O Ponto 14, em frente ao Quiosque do Alemão, foi identificado como área sensível, com indícios de contaminação recorrente e origem ainda não plenamente determinada, o que exige monitoramento contínuo e novas investigações.
Laudo anterior já indicava contaminação elevada
A preocupação com a qualidade da água na região não é recente. Em março, um laudo técnico independente apontou contaminação até 40 vezes acima dos limites aceitáveis pela legislação federal em trechos das praias da Guarderia e da Ilha do Frade. O estudo foi encomendado pelos vereadores Bruno Malias e Pedro Trés, ambos do PSB, e reforçou o alerta já feito pela Comissão de Meio Ambiente da Assembleia Legislativa sobre os riscos à saúde pública.
Medidas recomendadas
O grupo recomenda a identificação e correção de ligações clandestinas de esgoto na rede pluvial, além do monitoramento permanente da caixa de tempo seco.
Também foi indicada, a médio prazo, a retirada de manilhas de drenagem da faixa de areia. A prioridade inclui estruturas localizadas na Ponte da Ilha do Frade, na orla norte de Camburi e na Ilha das Caieiras.
As conclusões apresentadas são preliminares, já que os resultados de parâmetros físico-químicos ainda estão em análise laboratorial. O Grupo de Trabalho informou que fará uma nova reunião na segunda quinzena de maio para avaliar dados mais consolidados e definir os próximos encaminhamentos.
O que diz a prefeitura:
Segundo o subprocurador-geral de Vitória, Ricardo Grilo, sobre o município fará autuações de todas as unidades que não se ligaram à rede de esgoto. “Acabamos de receber a lista da Cesan com as unidades que não se ligaram à rede. Vamos realizar as autuações e até outras medidas na área criminal. Estamos trabalhando com hipóteses. É um relatório parcial e não conclusivo. Conseguimos imagens de satélite que mostram que, em verões anteriores, já existiam manchas. A questão da bomba entra como hipótese, mas não é possível afirmar, por ora, que ela seja a única causa”.
O que diz a Cesan?
A responsabilidade pela fiscalização quanto à efetiva ligação dos imóveis à rede de esgoto é dos municípios. A Cesan disponibiliza, no site da Companhia, a relação de imóveis que não estão conectados ao sistema de esgotamento sanitário.

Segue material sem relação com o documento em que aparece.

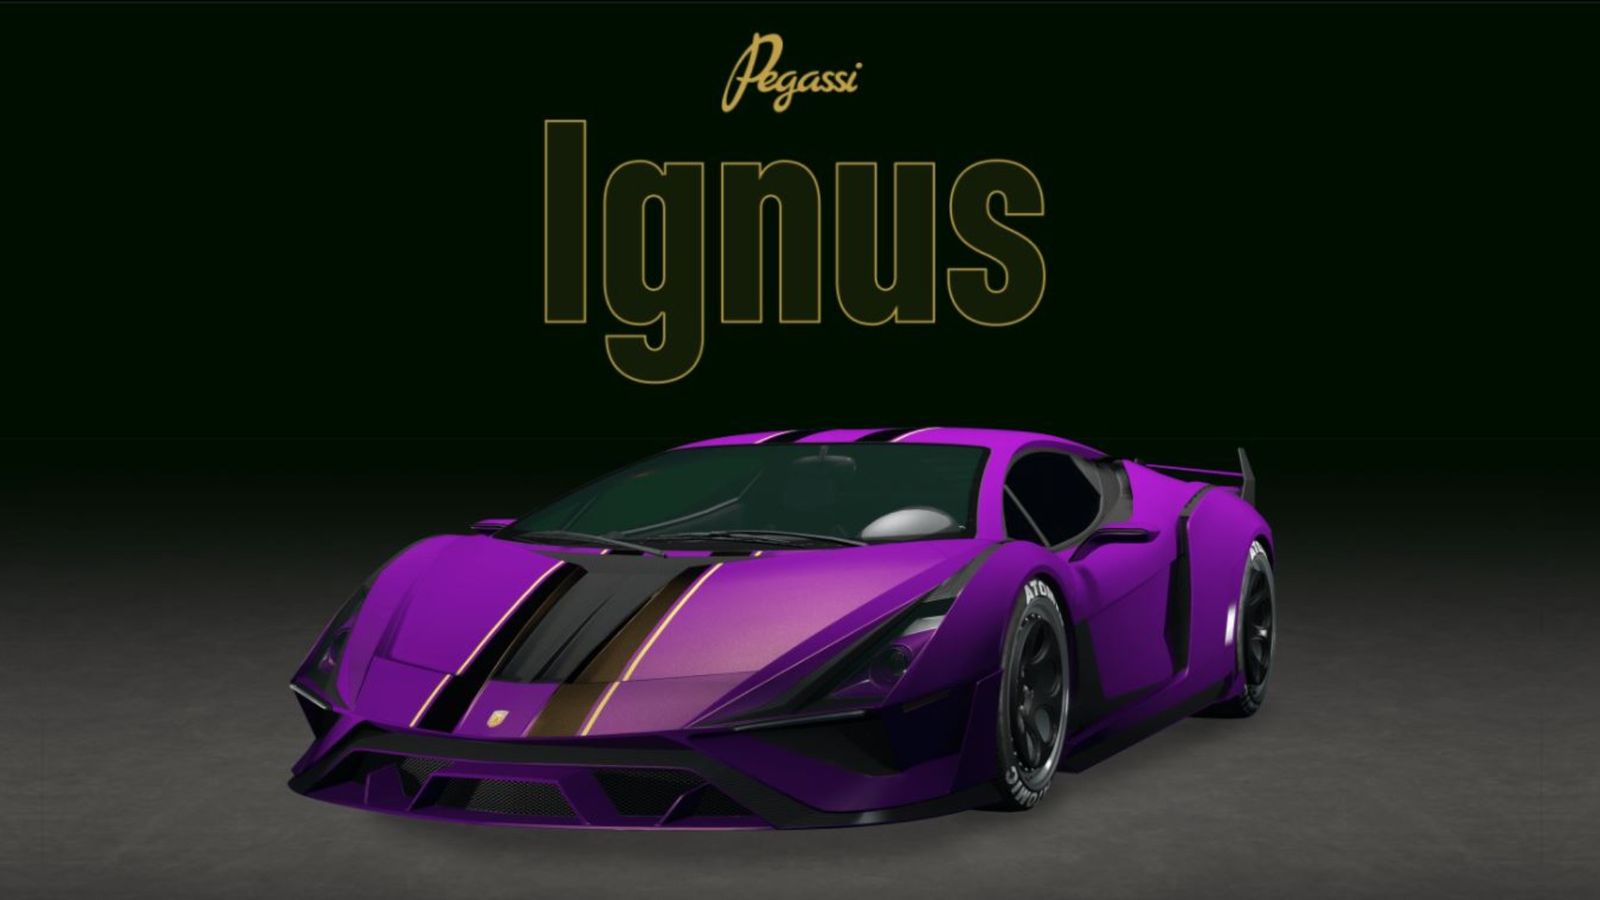 GTA Online Pegassi Ignus in Purple

Desde julho de 2025, a Cesan, em parceria com o Ministério Público do Espírito Santo e os municípios, iniciou o projeto “Tá Ligado?”, para fiscalizar e incentivar a regularização das ligações de esgoto. Até o momento foram entregues cerca de 2.559 notificações e 255 imóveis realizaram a conexão. O projeto continua em andamento, com novas vistorias e notificações. Proprietários que não regularizarem podem sofrer penalidades administrativas e civis previstas em lei.
O que diz o Iema?
O Instituto Estadual de Meio Ambiente (Iema) informa que a balneabilidade e o monitoramento da orla de Vitória são de competência da Prefeitura.

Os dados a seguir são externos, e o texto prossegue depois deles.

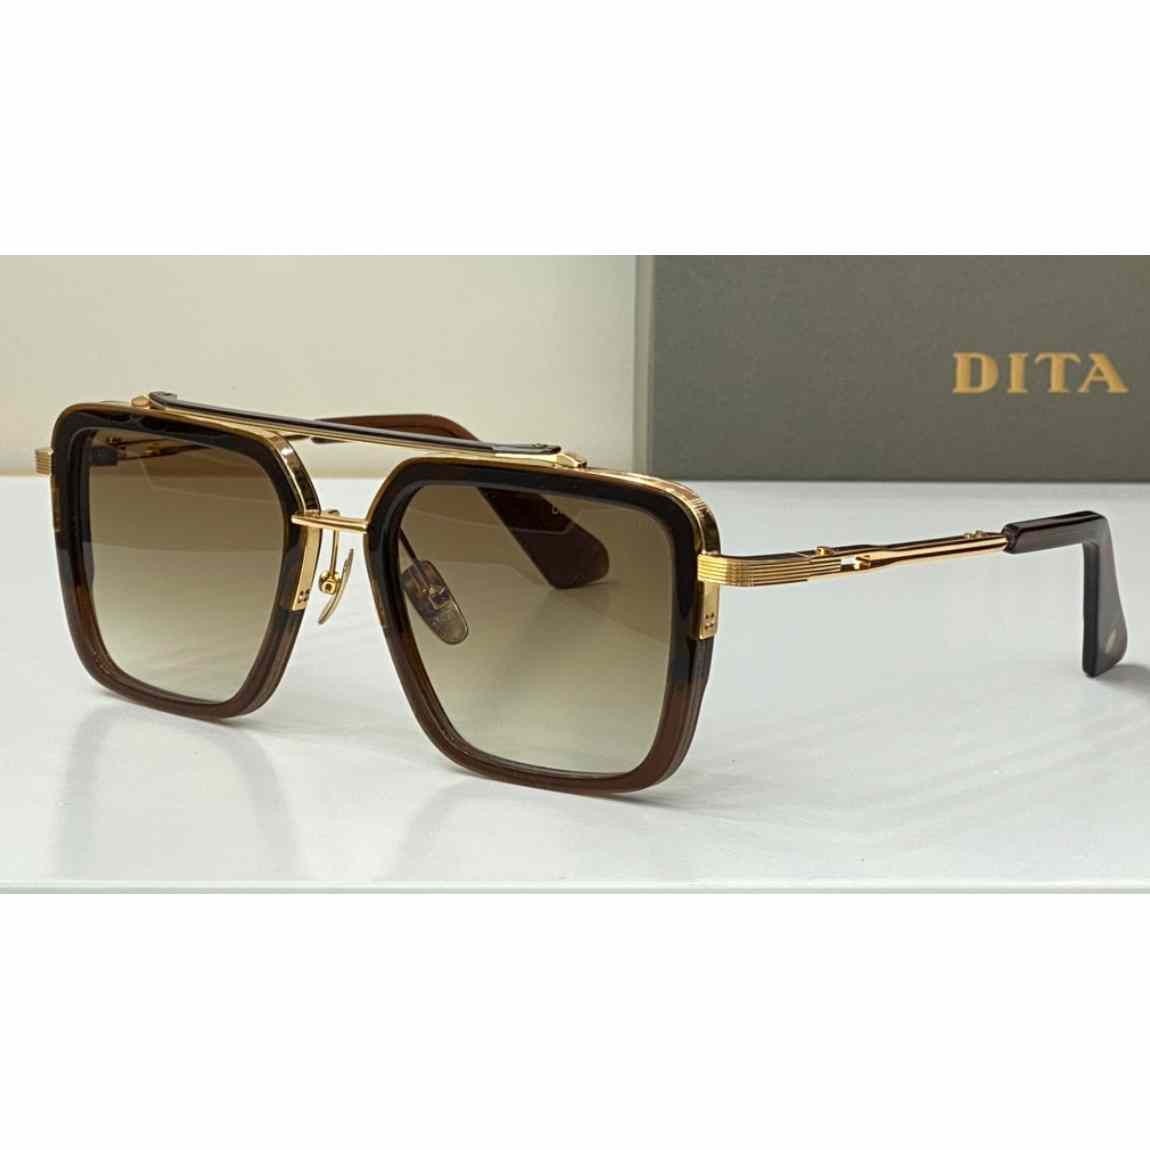 DITA Sunglasses - everydesigner

Dessa forma, a avaliação atual sobre a balneabilidade no local, bem como o histórico recente da qualidade da água e a identificação de eventuais pontos críticos na orla de Vitória, devem ser obtidos junto ao município responsável pelo monitoramento.
O Iema integra o Grupo de Trabalho que trata do caso da Guarderia, prestando apoio técnico às análises conduzidas de forma conjunta entre diversos órgãos e entidades, sob coordenação do Ministério Público do Estado do Espírito Santo.